Sample travel photos

photo

ABOVE: The Piazzetta in Venice, Italy, photographed with the Olympus Zuiko 8mm f/3.5 fisheye lens on an Olympus Evolt E-510 DSLR.

Also see: Fisheye Venice at Venice for Visitors

Fisheye lenses are often regarded as one-trick ponies, and traditional circular fisheyes may fall under the heading of "gimmick lenses." However, a full-frame fisheye lens such as the Olympus Zuiko 8mm f/3.5 fisheye can be extremely useful--and versatile--for travel photography.

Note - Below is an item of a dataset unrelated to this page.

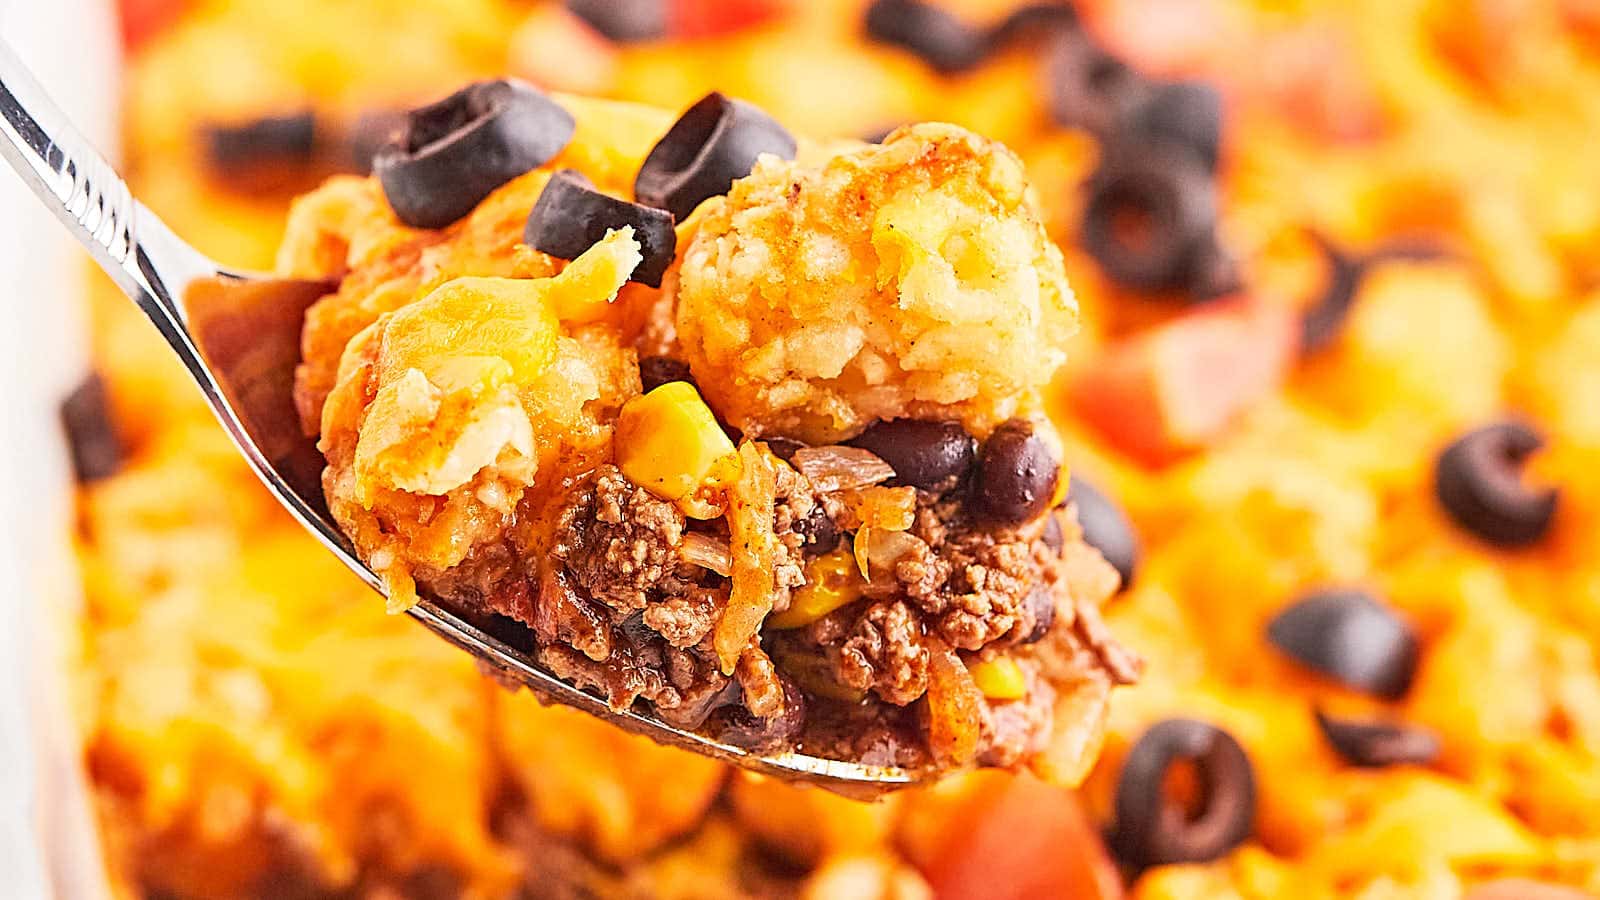 <p>This ground beef casserole is loaded with delicious Mexican food flavors, topped with tater tots, and finished with a layer of cheese. It's a real family favorite.</p><p><strong>Get the Recipe: <a href="https://cheerfulcook.com/taco-tater-tot-casserole/" rel="noreferrer noopener">Taco Tater Tot Casserole</a></strong></p>

In certain applications, it offers advantages over conventional rectilinear wide-angle lenses:

  • A fisheye lens has an extremely wide field of view (up to 180 degrees), making it possible to photograph buildings and other large subjects in tight quarters.

  • The curvature of a fisheye view can be used to emphasize or de-emphasize parts of a scene. (Some critics might prefer to use the word "distortion," but all wide-angle lenses, whether rectilinear or fisheye, introduce distortion--they just distort the scene in different ways.)

  • Fisheye lenses tend to be smaller, lighter, and less expensive than today's popular rectilinear wide-angle zoom lenses, and some of them--such as the Olympus Zuiko 8mm--offer relatively wide apertures that can be useful for building interiors where flash photography is forbidden or impractical.

On the following pages, you'll see examples of photos that were taken in Venice, Italy with the Olympus Zuiko 8mm f/3.5 fisheye lens, which I purchased (along with an Olympus Evolt E-510 DSLR camera) about a week before taking the pictures.

The images were saved in RAW format, and given minimal post-processing (mostly with automatic settings) in Adobe Photoshop Elements 5.0. I've reduced the images to a size of 600 x 450 pixels for ease of downloading and viewing. (Unlike the 275 x 186-pixel photo at the top of this page, the samples on the following pages have not been cropped.)

Note: I'm a travel writer and publisher, not a professional photographer, so please don't judge the lens by any photographic inadequacies that you may notice in the sample photos.